RIP Tuco! GB&U is one of my all time favorite movies!! IMDB show he worked right up to the end - the guy was 98!!


----------



## asher (Jun 25, 2014)

RIP.


----------



## Daf57 (Jun 25, 2014)

I'm surprised there aren't more Good, the Bad and the Ugly fans out there - come on guys! It's Tuco - he passed away!


----------



## Jlang (Jun 26, 2014)

R.I.P. One of the greats for sure.


----------



## Explorer (Jun 27, 2014)

One of my favorite films in which Eli Wallach appeared, along with Christopher Lee, David Carradine, Ursula Andress and Roddy McDowall, is "Circle of Iron," written by Bruce Lee.

I do recommend it.


----------



## downburst82 (Jun 27, 2014)

The good, the bad and the ugly has been my favorite movie since I was 8

He was also in The Magnificent Seven which is another one of my favorites 

RIP


----------



## flexkill (Jun 27, 2014)

Wow! I thought he died a LOOOOONG time a go. RIP


----------



## M3CHK1LLA (Jun 30, 2014)

wow...made it to 98. rip "tuco"

ive watched the trilogy many times...at least once or twice a year. classic stuff...
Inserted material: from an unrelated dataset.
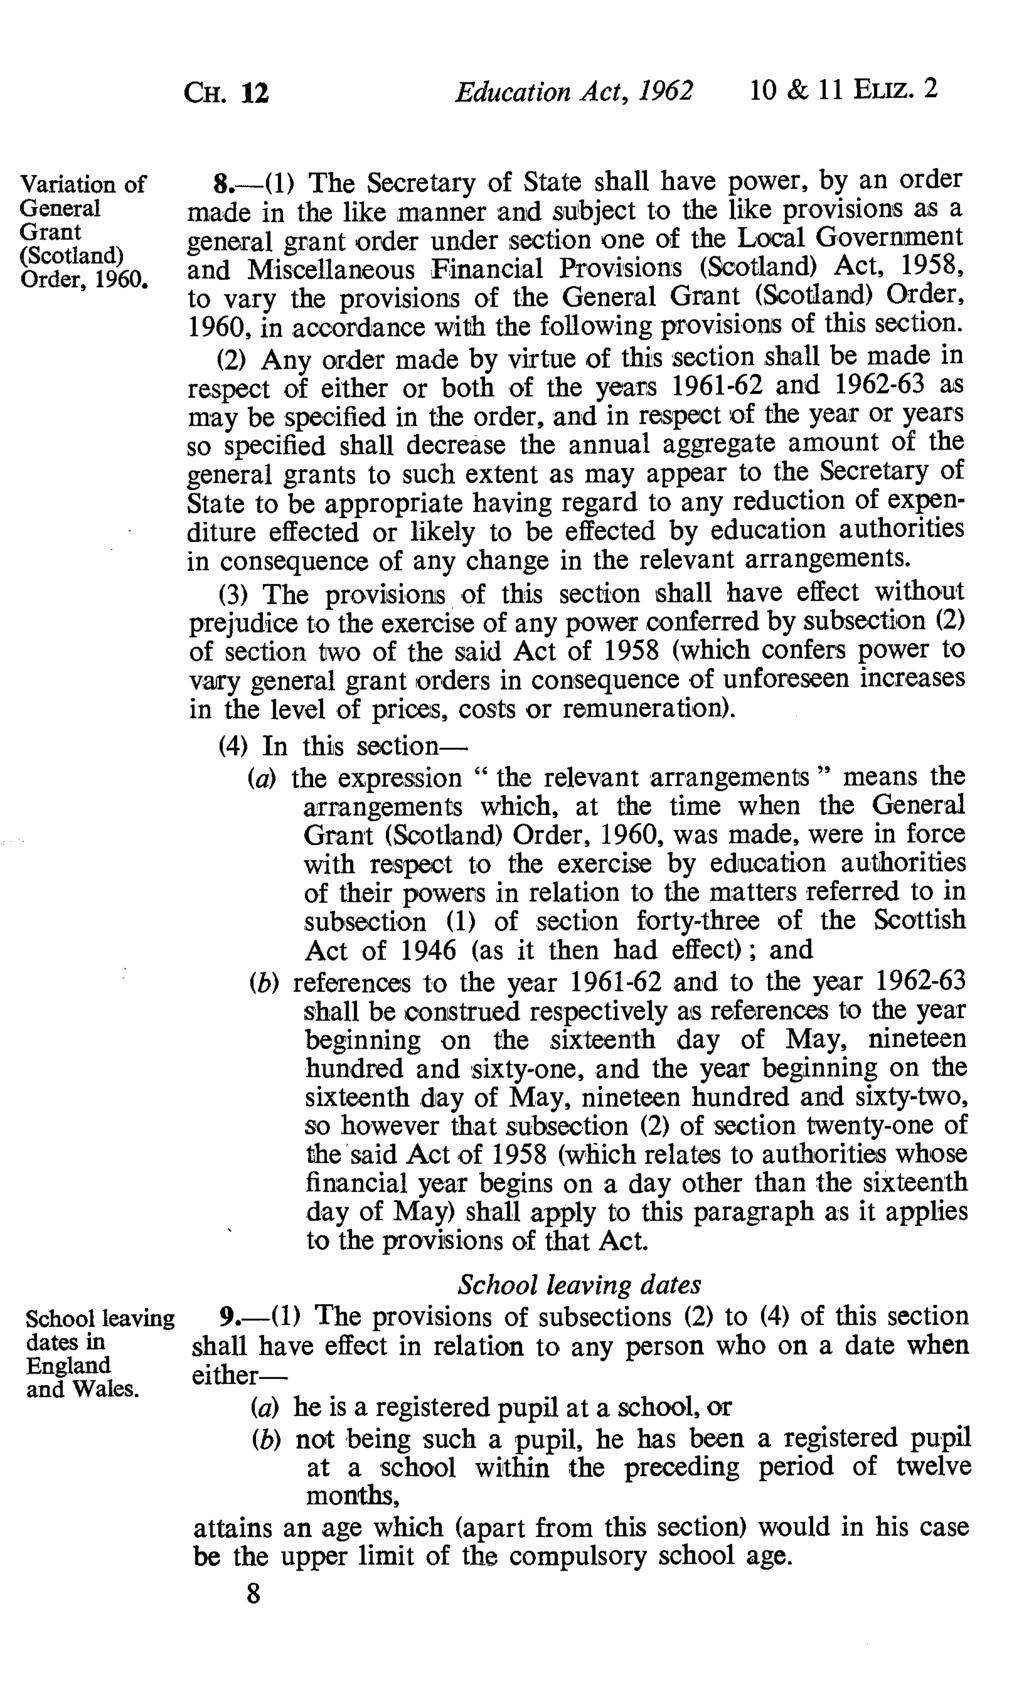 CH. 12 Education Act, 1962 10 & 11 ELIZ. 2 Variation of General Grant (Scotland) Order, 1960. School leaving dates in England and Wales. 8.

also, i didnt know "snake eyes" died years ago...back in 89.


----------



## TimothyLeary (Jun 30, 2014)

Rip.


----------



## stuglue (Jul 6, 2014)

You know what you are? You're just a..........
Awesome film, up there with The Blues Brothers


----------



## nickswhlos (Jul 7, 2014)

yes,He was also in The Magnificent Seven which is another one of my favorites ,thanks


----------